Jurkat T cells were expanded in complete media as described above. Jurkat T cells were aliquoted (500,000 cells/well) into sterile, clear, tissue culture treated 6-well microplates. Cells were then incubated with 5 μM G1, 5 μM G3, or 0.5 μM G1/G3 Zipper for 24 h at 37 °C, 5% CO2. Cells were washed with sterile 1x PBS prior to measuring caspase activity with the following commercially available assay kits: FLICE/Caspase-8 Colorimetric Assay Kit (K113100, ThermoFisher) and EnzCheck® Caspase-3 Assay Kit #1 (E13183, ThermoFisher). Note, the substrate Z-DEVD-AMC in the EnzCheck® Caspase-3 Assay Kit #1 can also be activated by caspase-7. Herein, we refer to any measured activity as “caspase-3 activity” in accordance with the manufacturer's naming convention. For caspase-8 activity measurements, groups of cells were pooled together at 1.5 * 106 cells per replicate.
All experimental and control groups had N = 3, and the data were reported as mean ± standard deviation. Data were analyzed for statistically significant differences using one-way ANOVA with Tukey's post hoc (p < 0.05) in GraphPad Prism 8.0 (GraphPad Software, San Diego, CA, USA).

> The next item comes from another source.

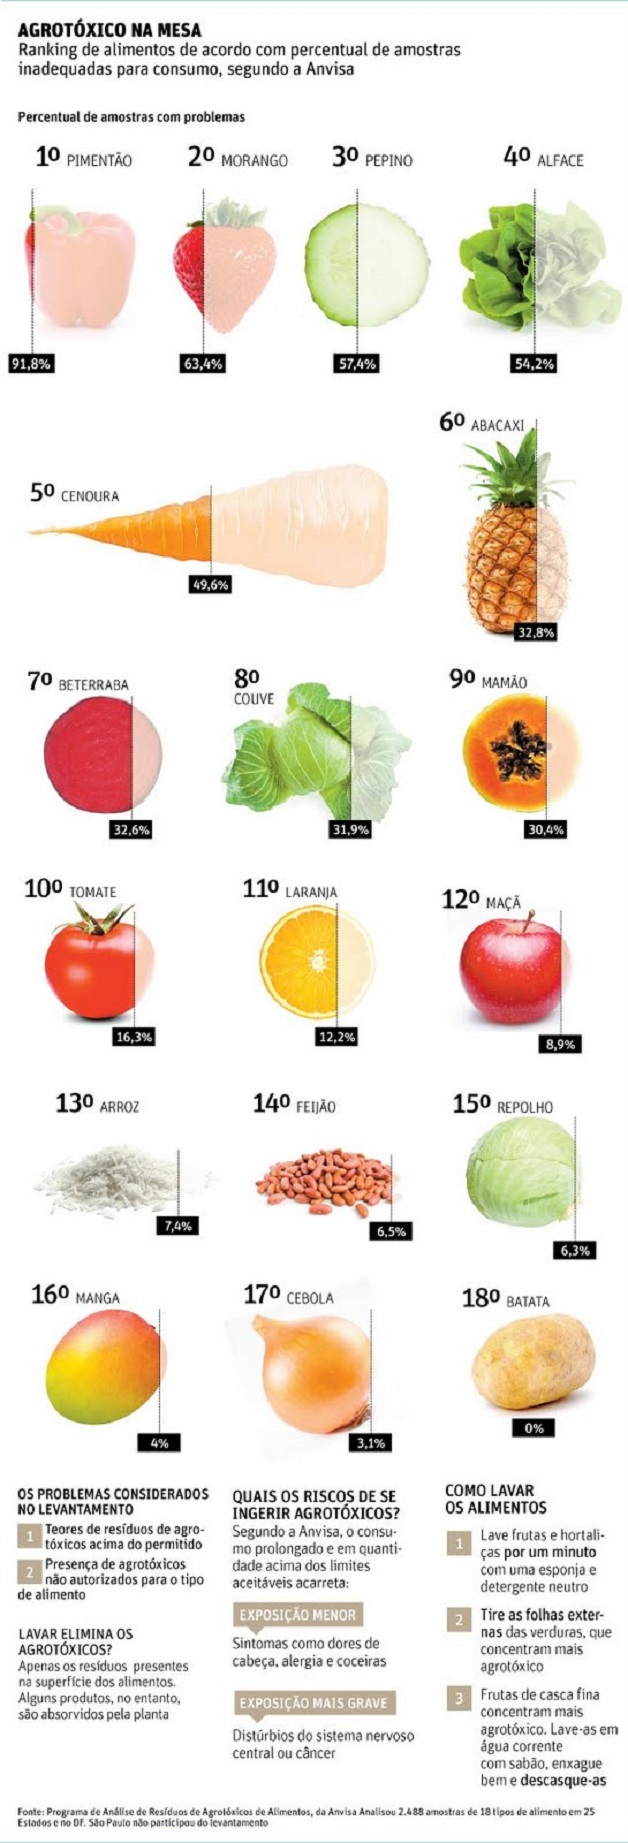 Agrotoxicos anvisa MVC

G1/G3 Zipper Induces Jurkat T Cell Death More Potently Than G1 and G3 Alone or in Combination
Jurkat T cell apoptosis induced by G1 and G3 is associated with early exposure of phosphatidylserine on the outer leaflet of the plasma membrane, followed by late membrane permeability (Pace et al., 1999, 2003; Stowell et al., 2008b). Here, we used a combination of annexin V staining of phosphatidylserine and a membrane-impermeable DNA-binding dye (LIVE/DEAD®, Invitrogen) to quantify Jurkat T cell death induced by G1/G3 Zipper, G1, or G3 as a function of galectin concentration and time. Note, cells were treated with as low as 0.5 μM G1/G3 Zipper in all experiments based on a prior report showing that high concentration of this protein led to loss of cell integrity (Fettis et al., 2019), whereas cells were treated with as high as 5 μM G1 or G3 based on the reported effective dose of these proteins (Restuccia et al., 2015, 2018; Farhadi et al., 2018; Fettis and Hudalla, 2018; Fettis et al., 2019). For each concentration of galectin (0.5, 1, 2.5, and 5 μM) tested, G1/G3 Zipper induced significantly more cell death by 24 h than an equimolar combination of G1 and G3 (Figure 2A). At 4 h, 0.5 μM G1/G3 Zipper induced significantly more cell death than either 5 μM G1 or 5 μM G3 alone (Figure 2B). By 24 h, 5 μM G1 and 5 μM G3 induced a comparable extent of Jurkat T cell death as 0.5 μM G1/G3 Zipper (Figure 2B).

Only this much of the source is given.